EXERCISE
Would you please repeat exactly the entries below, starting at the line with "Buchstabe des Alphabets" and ending at the line with "Die Radierung gehört", and nothing outside that range? Leave out the pictures.

[SUPPLIED MATERIAL — start]

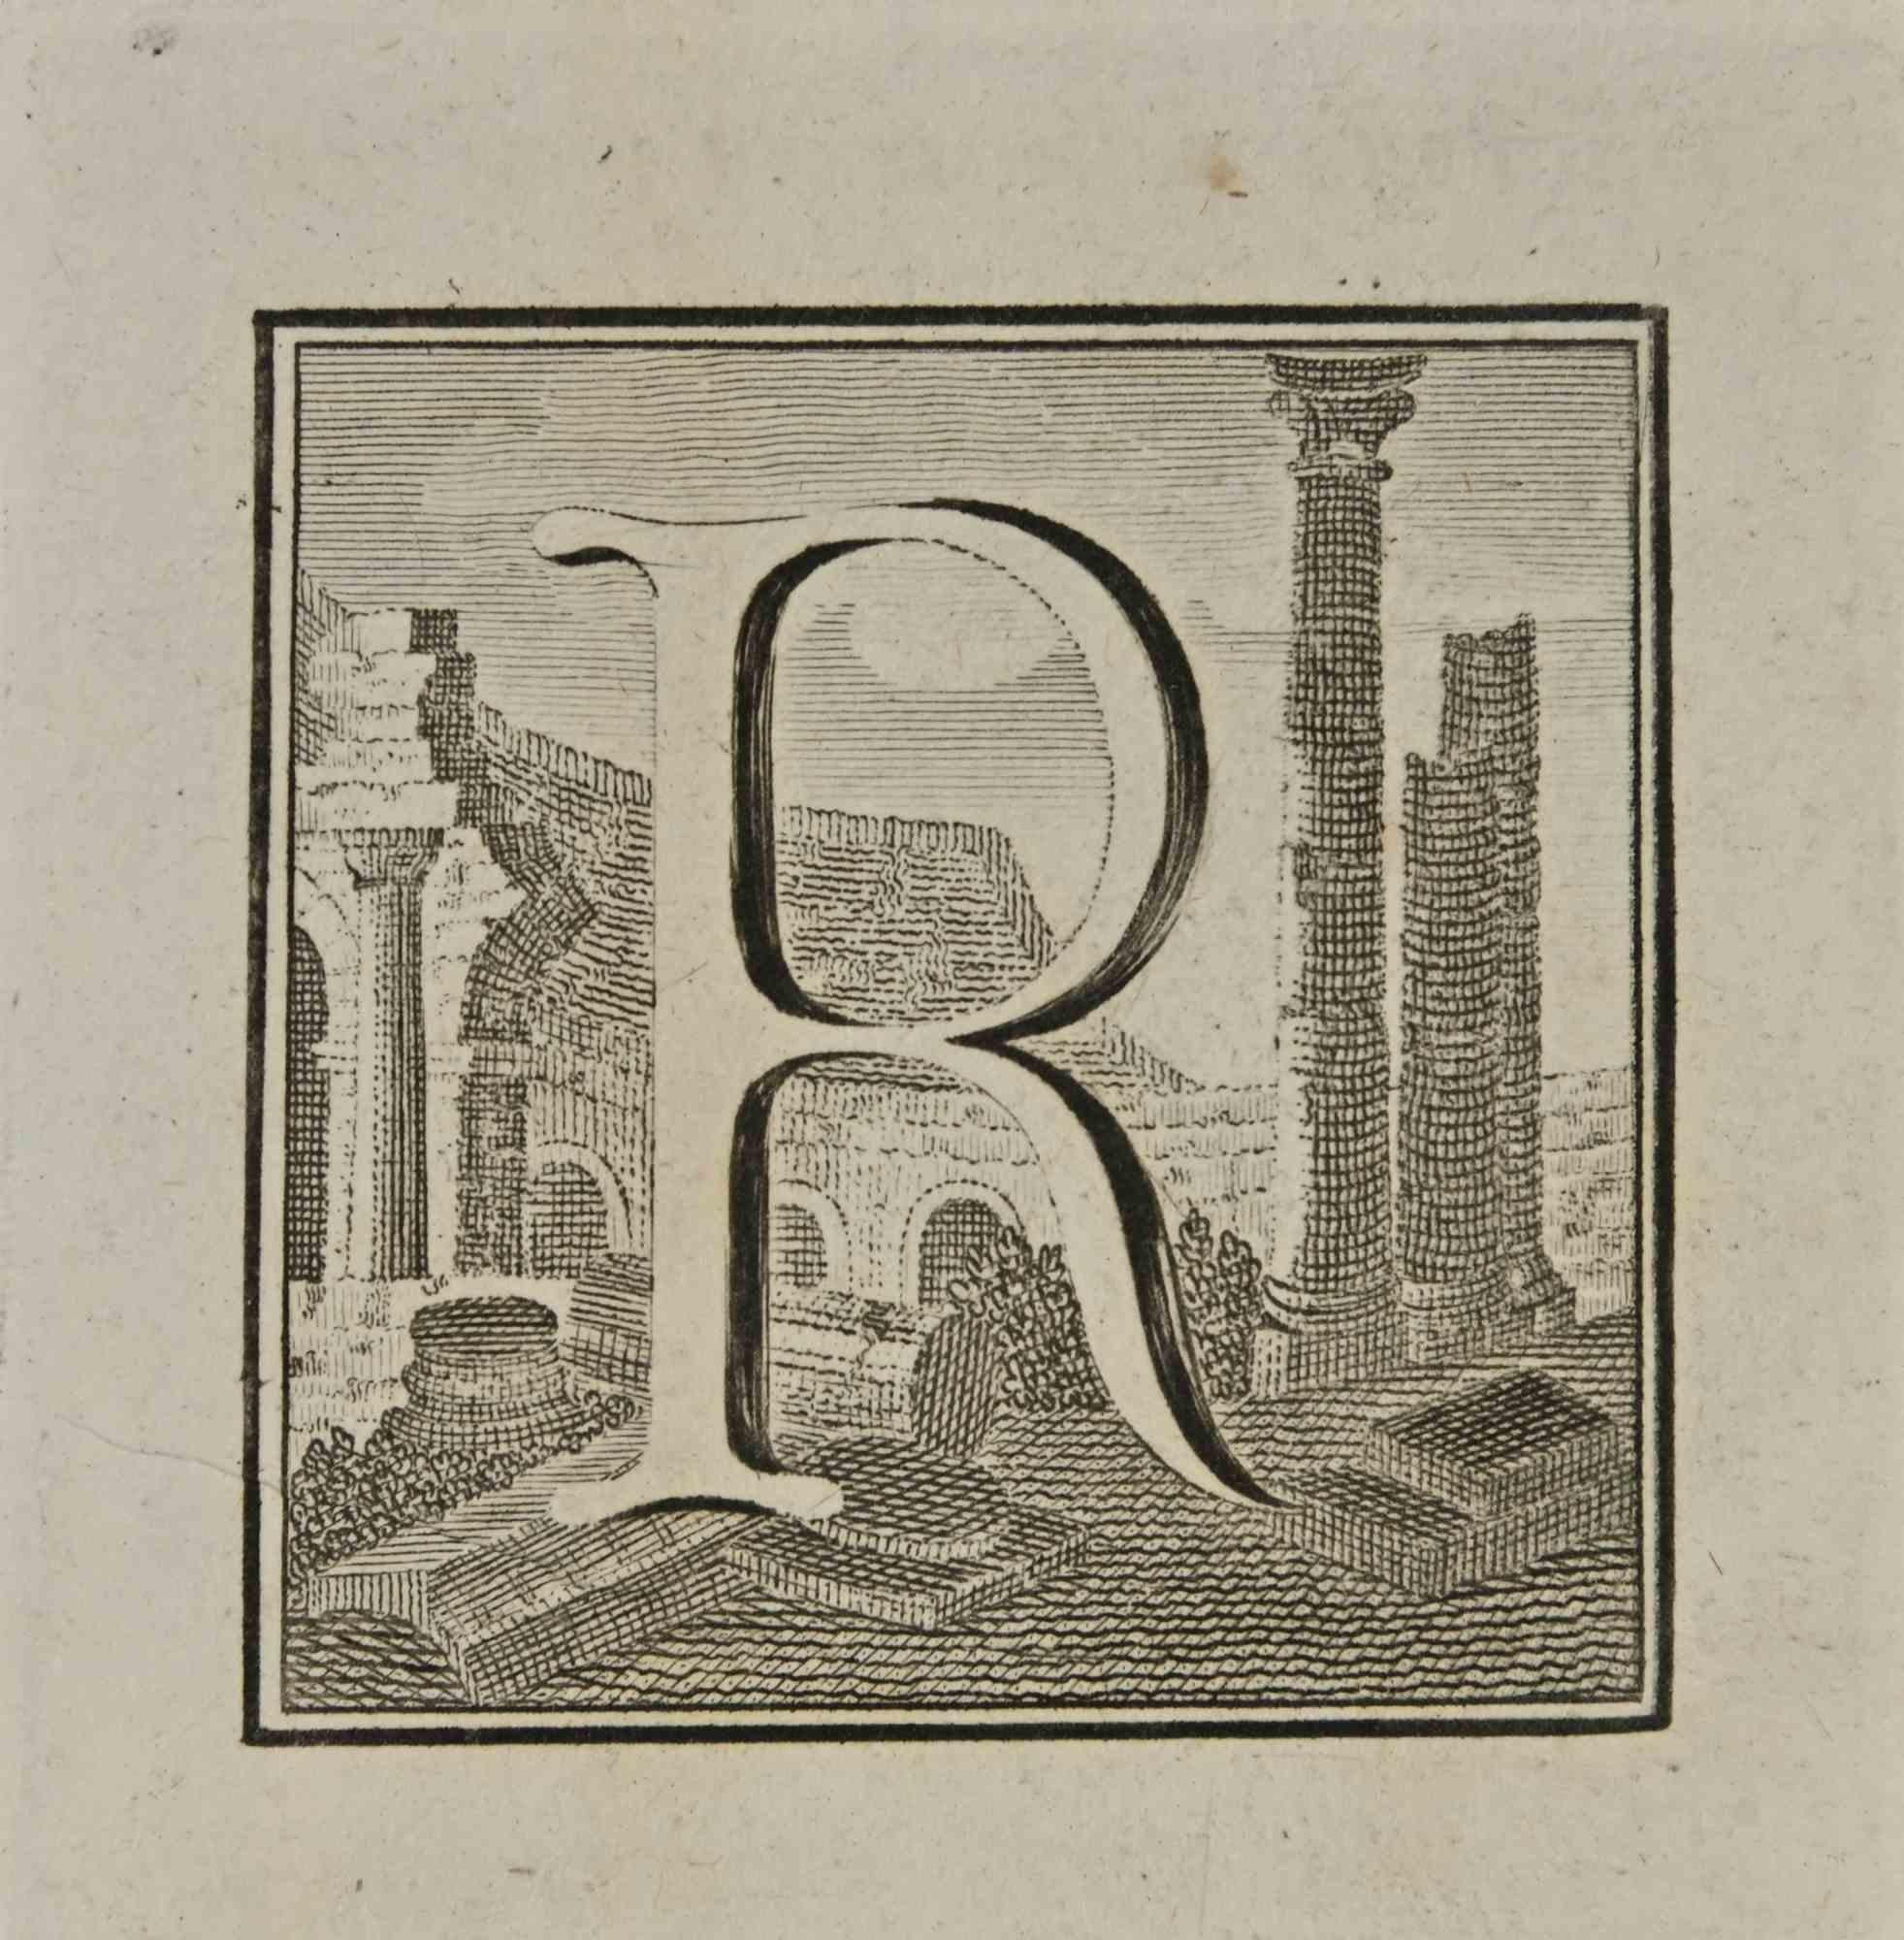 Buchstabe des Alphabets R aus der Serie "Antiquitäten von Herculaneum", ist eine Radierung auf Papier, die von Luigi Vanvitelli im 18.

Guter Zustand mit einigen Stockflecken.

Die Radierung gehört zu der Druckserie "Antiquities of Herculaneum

[SUPPLIED MATERIAL — finish]
[SUPPLIED MATERIAL — start]

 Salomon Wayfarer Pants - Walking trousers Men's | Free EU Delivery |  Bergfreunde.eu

[SUPPLIED MATERIAL — finish]

SOLUTION
 Buchstabe des Alphabets R aus der Serie "Antiquitäten von Herculaneum", ist eine Radierung auf Papier, die von Luigi Vanvitelli im 18.

Guter Zustand mit einigen Stockflecken.

Die Radierung gehört zu der Druckserie "Antiquities of Herculaneum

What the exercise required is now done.